### WHAT THE TASK ASKS
Please return the lines from the one with "adidas Yeezy Boost" through the end of the listing below, word for word, with every picture left out.

### DATASET EXCERPT
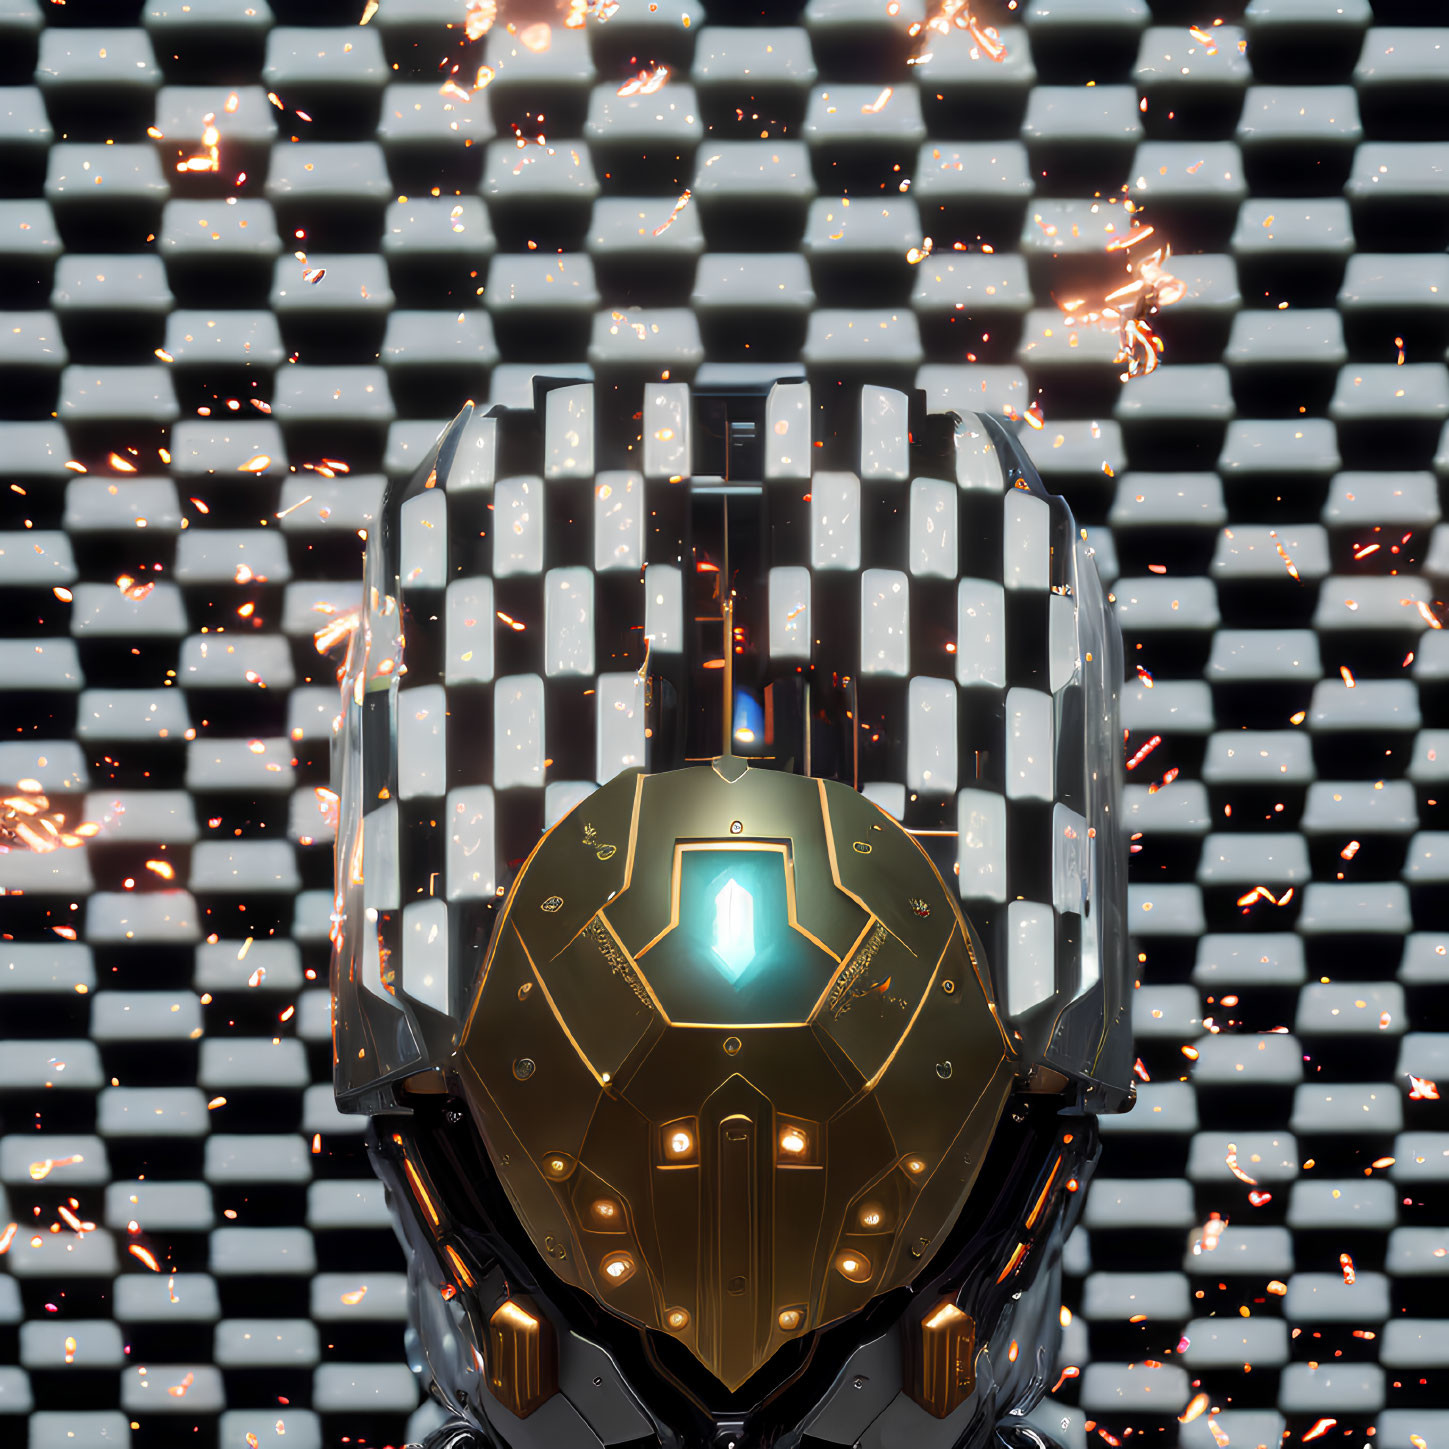 Futuristic knight with glowing blue visor and golden-trimmed shield in front of pixelated
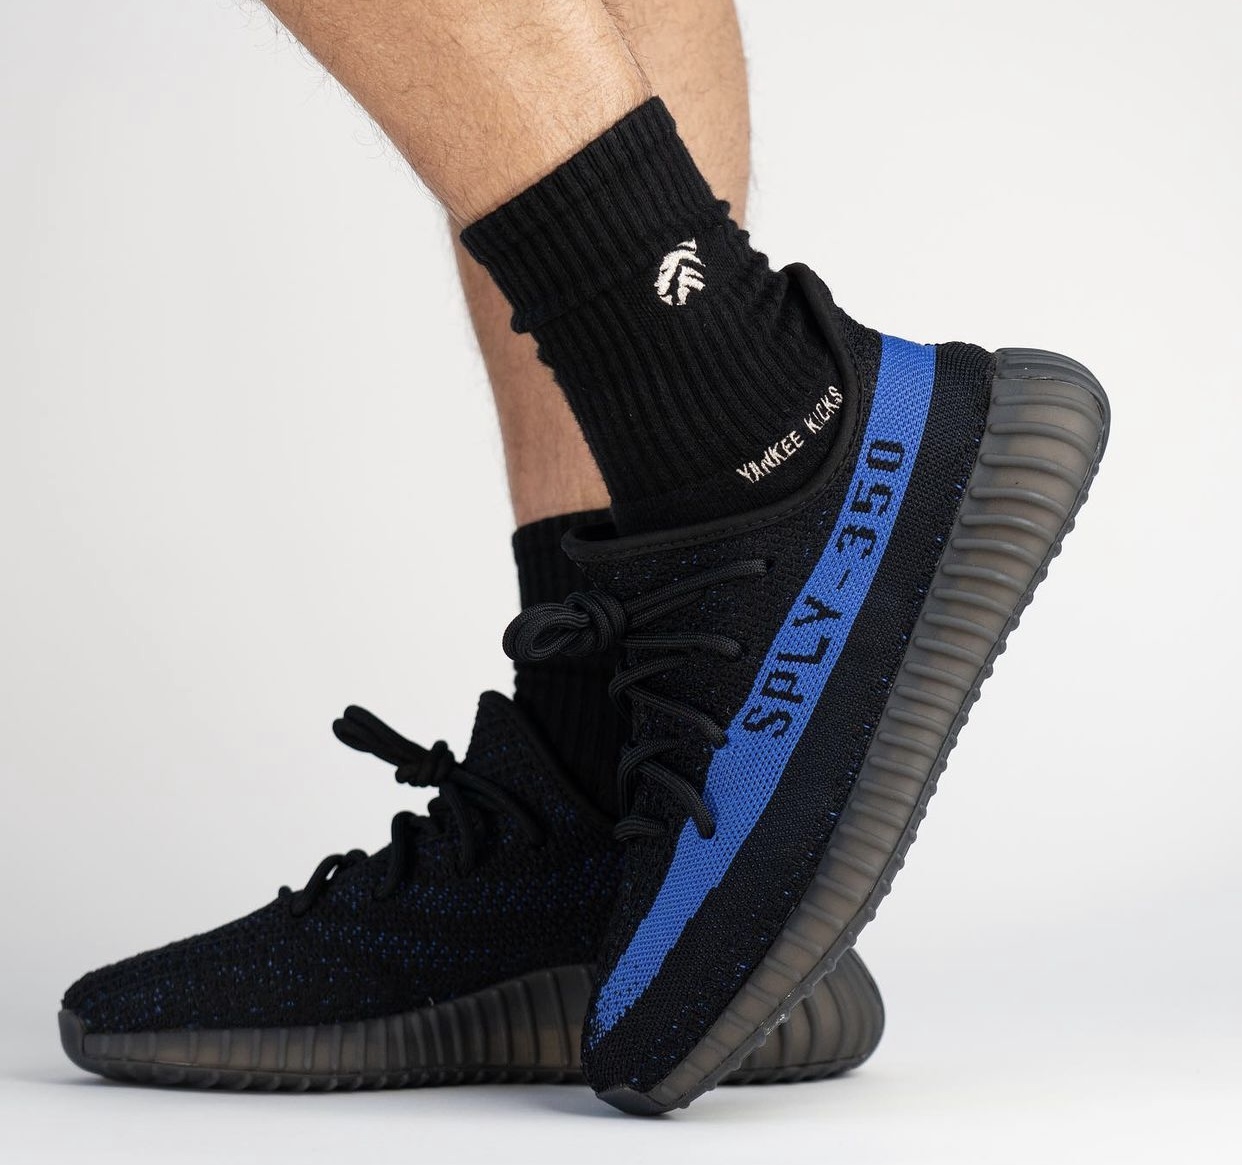 adidas Yeezy Boost 350 V2 Dazzling Blue GY7164 Release Date On-Feet
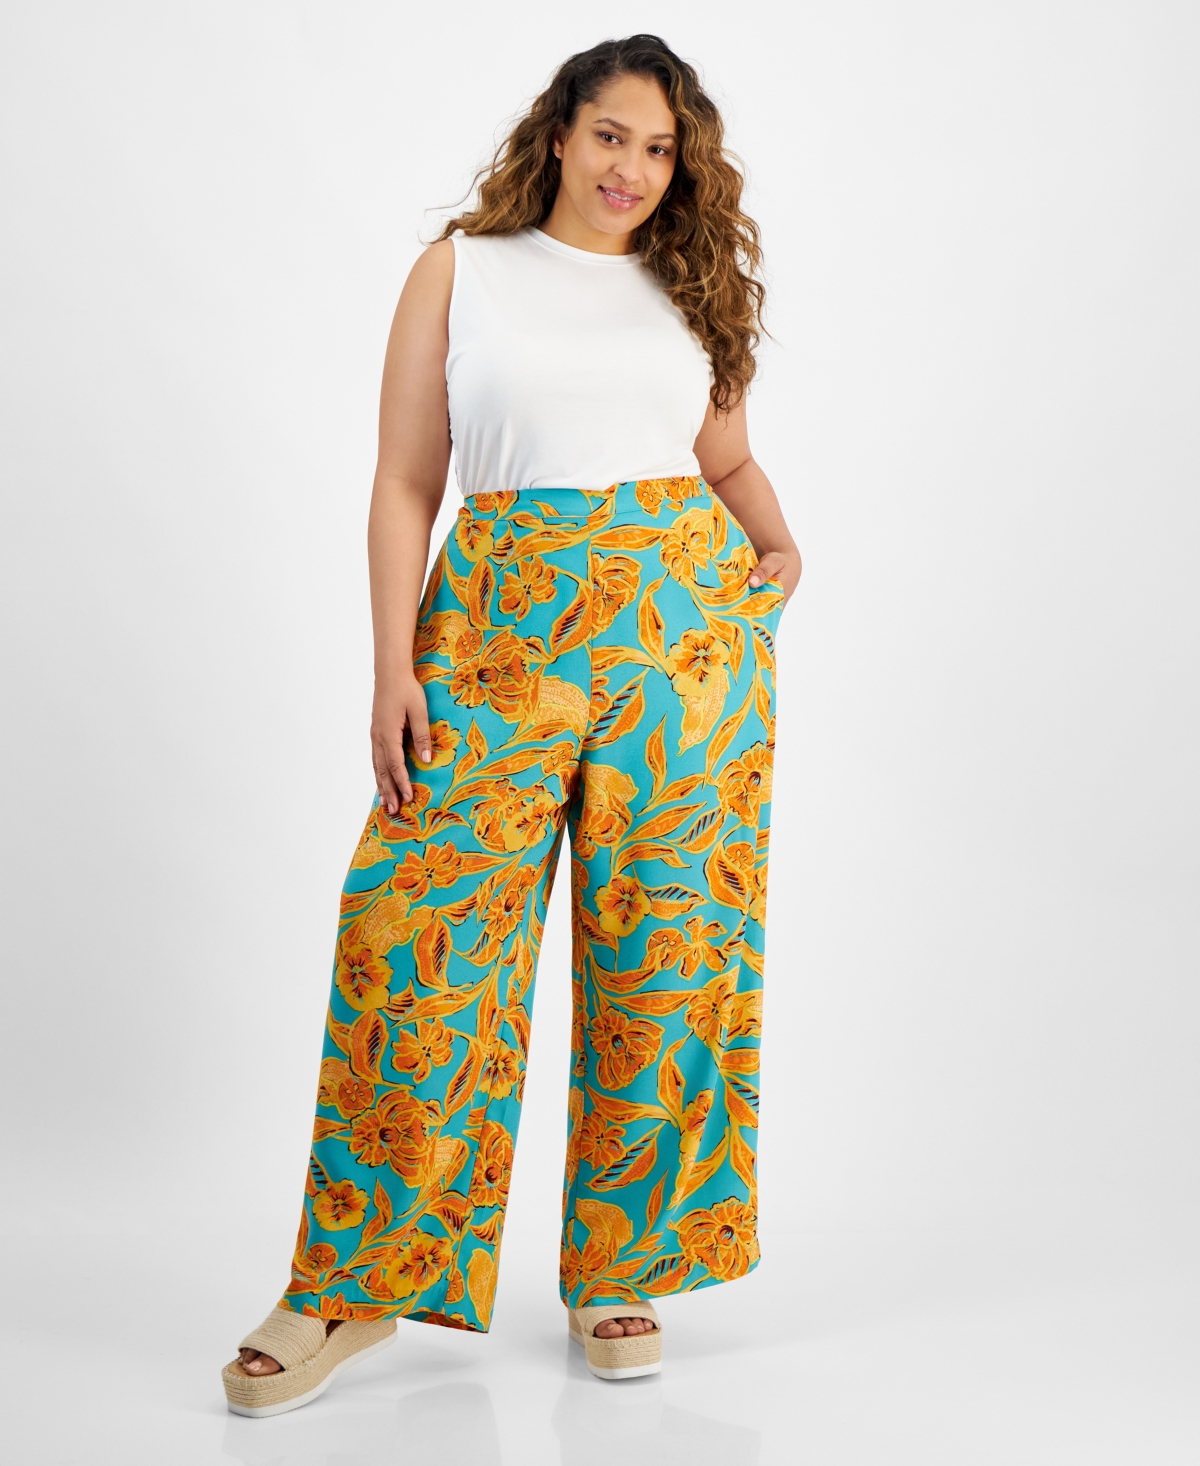 Trendy Plus Size Floral Flat-Front Wide-Leg Pants, Created for Macy's - Bali Garden
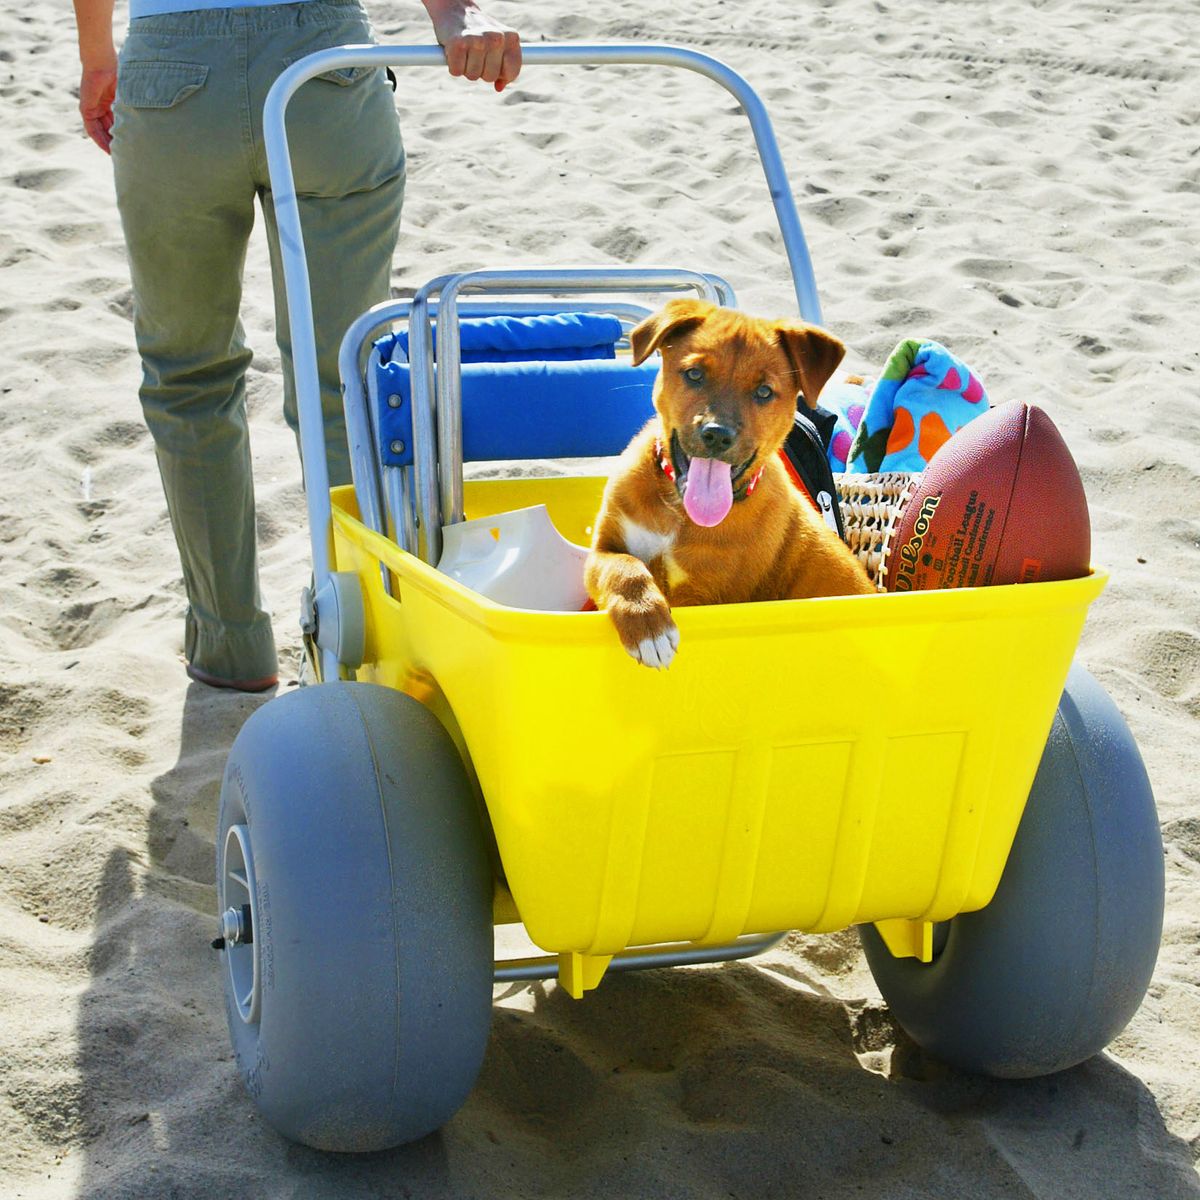 best beach wagon for toddlers

### RESPONSE AREA
 adidas Yeezy Boost 350 V2 Dazzling Blue GY7164 Release Date On-Feet
 Trendy Plus Size Floral Flat-Front Wide-Leg Pants, Created for Macy's - Bali Garden
 best beach wagon for toddlers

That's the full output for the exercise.